Does he have a measure of the album’s qualities? “No, it’s the same as film – if you’re happy with what you’ve just created then that’s okay. Everybody knows that when anyone puts something creative out into the world, it’s gonna go one way or the other – people are gonna love it or they’re gonna hate it, and you’ll have people in the middle ground, too.”
You can never guess how it’s going to pan out, implies the genial Lynch.
"If you have done the best you can, and are happy with what you did, then it's a winning situation. Crazy Clown Time? I. Feel. Good. About. It."

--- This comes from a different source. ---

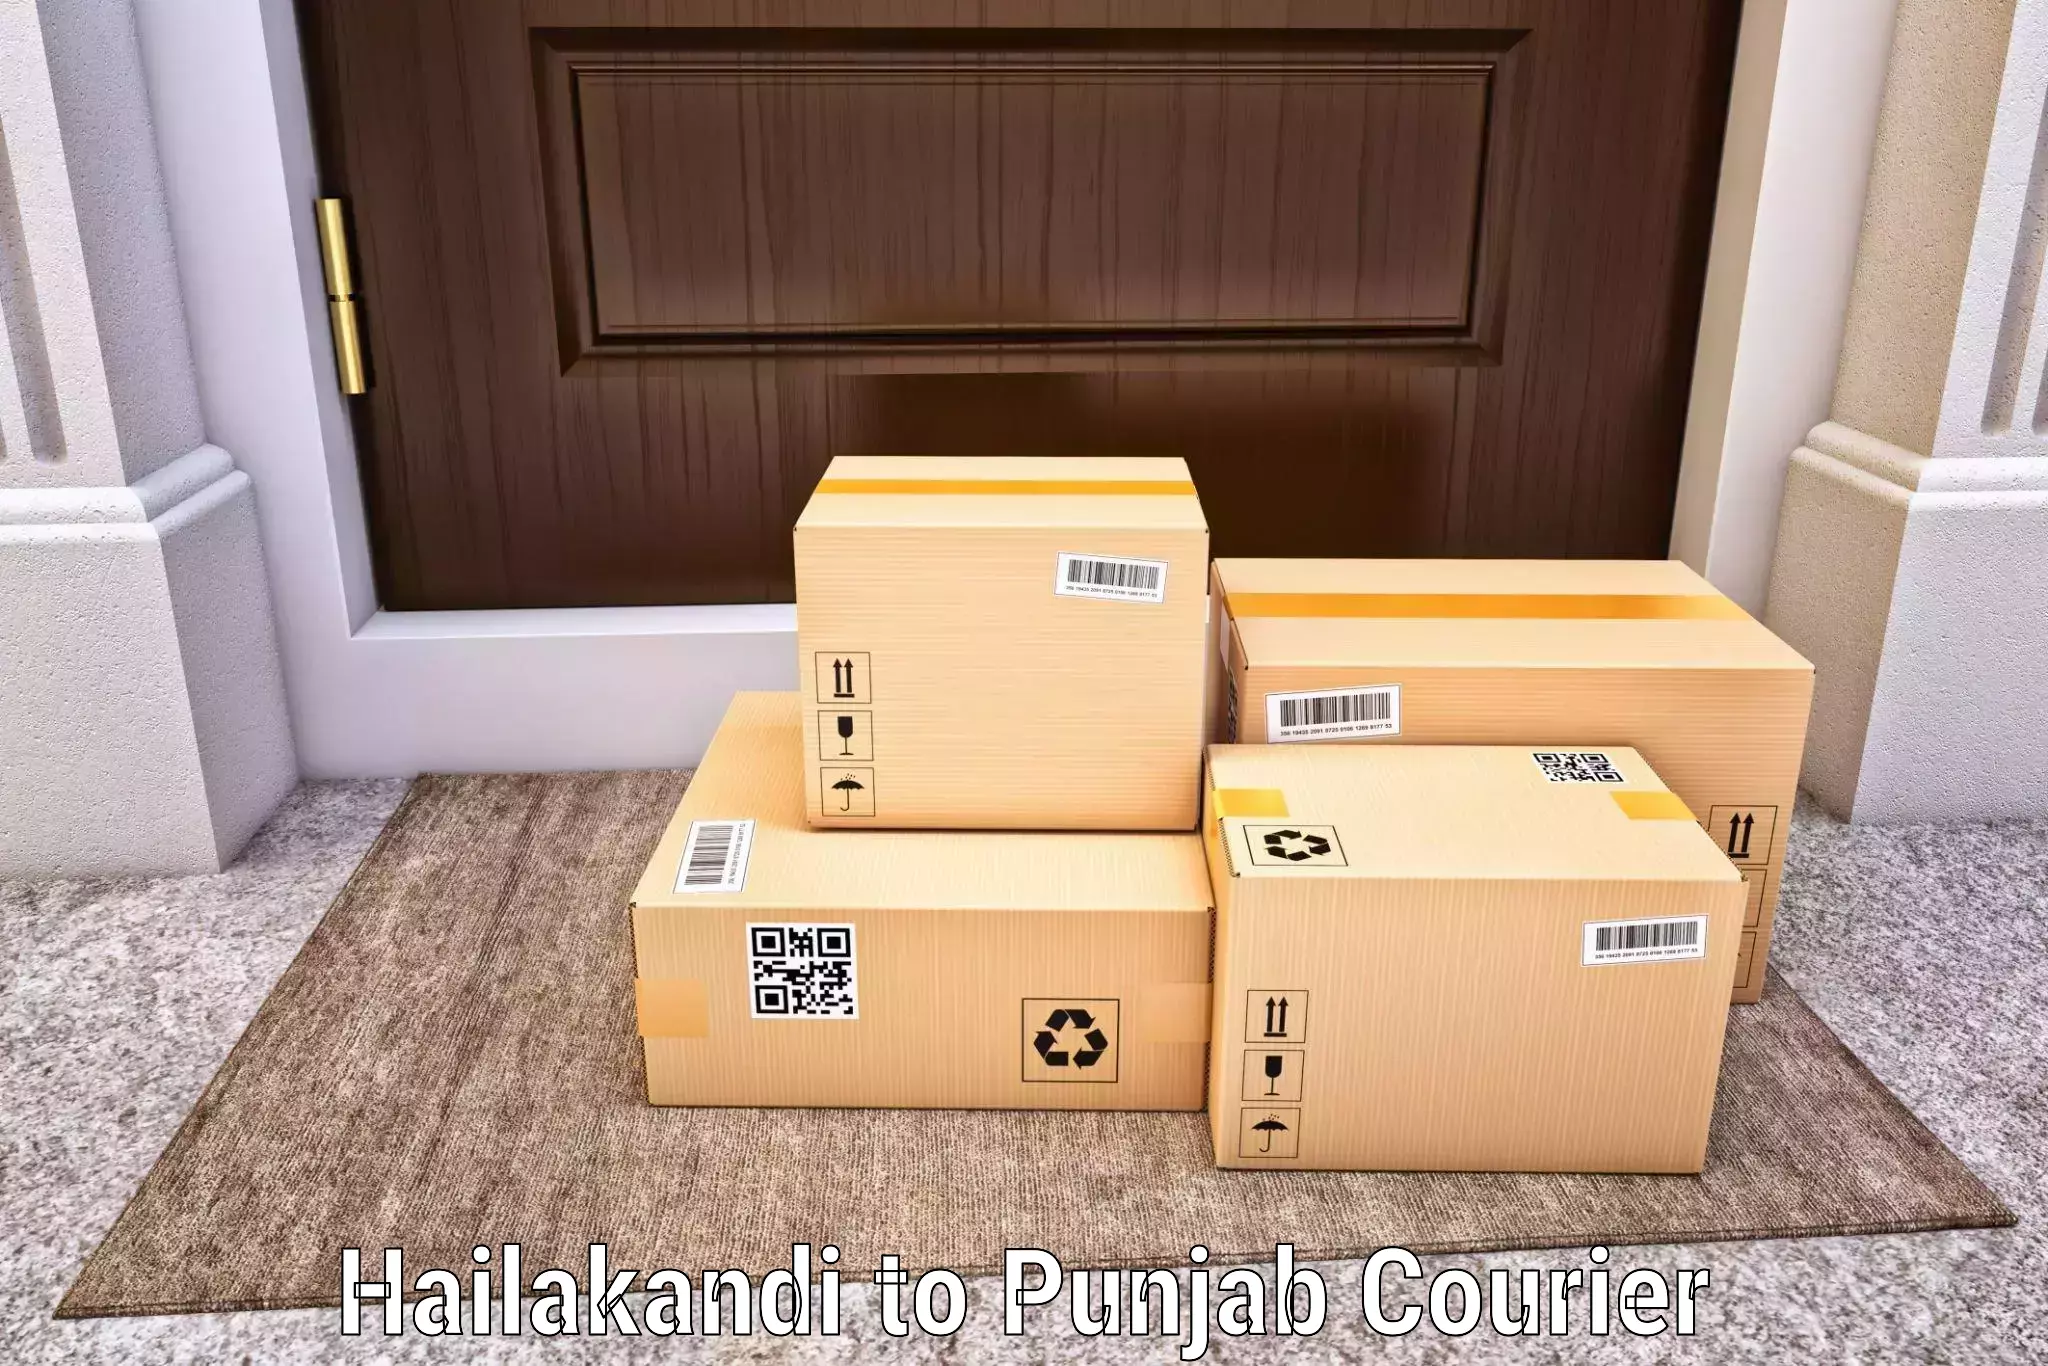 Enhanced shipping experience in Hailakandi to Ajnala

Crazy Clown Timeis released through Sunday Best/PIAS
LYNCH'S MOVIES IN MUSIC
ERASERHEAD (1977)
Almost as unsettling to listen to as the movie is to watch, you’d imagine that for a generation of alt.rock artists (including Autechre, Napalm Death and Radiohead) and record labels (including Warp and Ninja Tune) the soundtrack has been on careful if continuous rotation. The inclusion of snippets of Fats Waller’s organ playing adds a disquieting, carnivalesque air, while the freaky ambient music (devised by Lynch and sound editor Alan R Splet) with its hissing radiators, wheezing electronica, factory whistles and the piercing wails of a quadriplegic baby perfectly matches a film once described by Lynch as “a dream of dark and troubling things”.
BLUE VELVET (1986)
It was during the making of this controversial film that Lynch met up with composer Angelo Badalamenti. While the soundtrack (for which Lynch requested something reminiscent of Shostakovich) was completed after shooting, it is the use of retro pop ballads – notably Bobby Vinton's hit Blue Velvetand Roy Orbison's In Dreams(mimed by actor Dean Stockwell in a particularly sinister fashion) that stick in the mind as some of the weirdest aural-visual juxtapositions in contemporary cinema. This film also introduced singer Julee Cruise into Lynch's musical domain.
TWIN PEAKS (1990-92)
The unmistakable sounds of composer Angelo Badalamenti and singer Julee Cruise wafted out over the credits of Lynch's groundbreaking television series. According to Badalamenti, Lynch requested that the famed Laura Palmer Theme "should be "dark, brooding, haunting . . . ending with a climax that's slow and tears your heart out". In tandem with the oddness of the show (which concerned the murder of small town schoolgirl Palmer and the secrets she kept that lead to her death), was the eeriness of the music. The soundtrack to the series went on to become one of the most successful in television history, while Cruise's hit single, Falling, quickly became the epitome of the word "ethereal".
WILD AT HEART (1990)
The soundtrack to Lynch's ironic interpretation of the classic cinematic staple of the road movie features more diffuse strands of music: pure rock'n'roll (Gene Vincent's B-Bop-A-Lula), speed metal (Powermad's Slaughterhouse), swirling puffs of parallel-universe jazz (by Badalamenti), slicked-back pop (Chris Isaac's Wicked Game), garage-rock (Them's Baby Please Don't Go) and – perhaps oddest and most startling of all – Nicolas Cage rendering a lovely version of Elvis Presley's Love Me Tender. A divisive but impressive soundtrack to a movie described by Lynch as "insane, sick and twisted".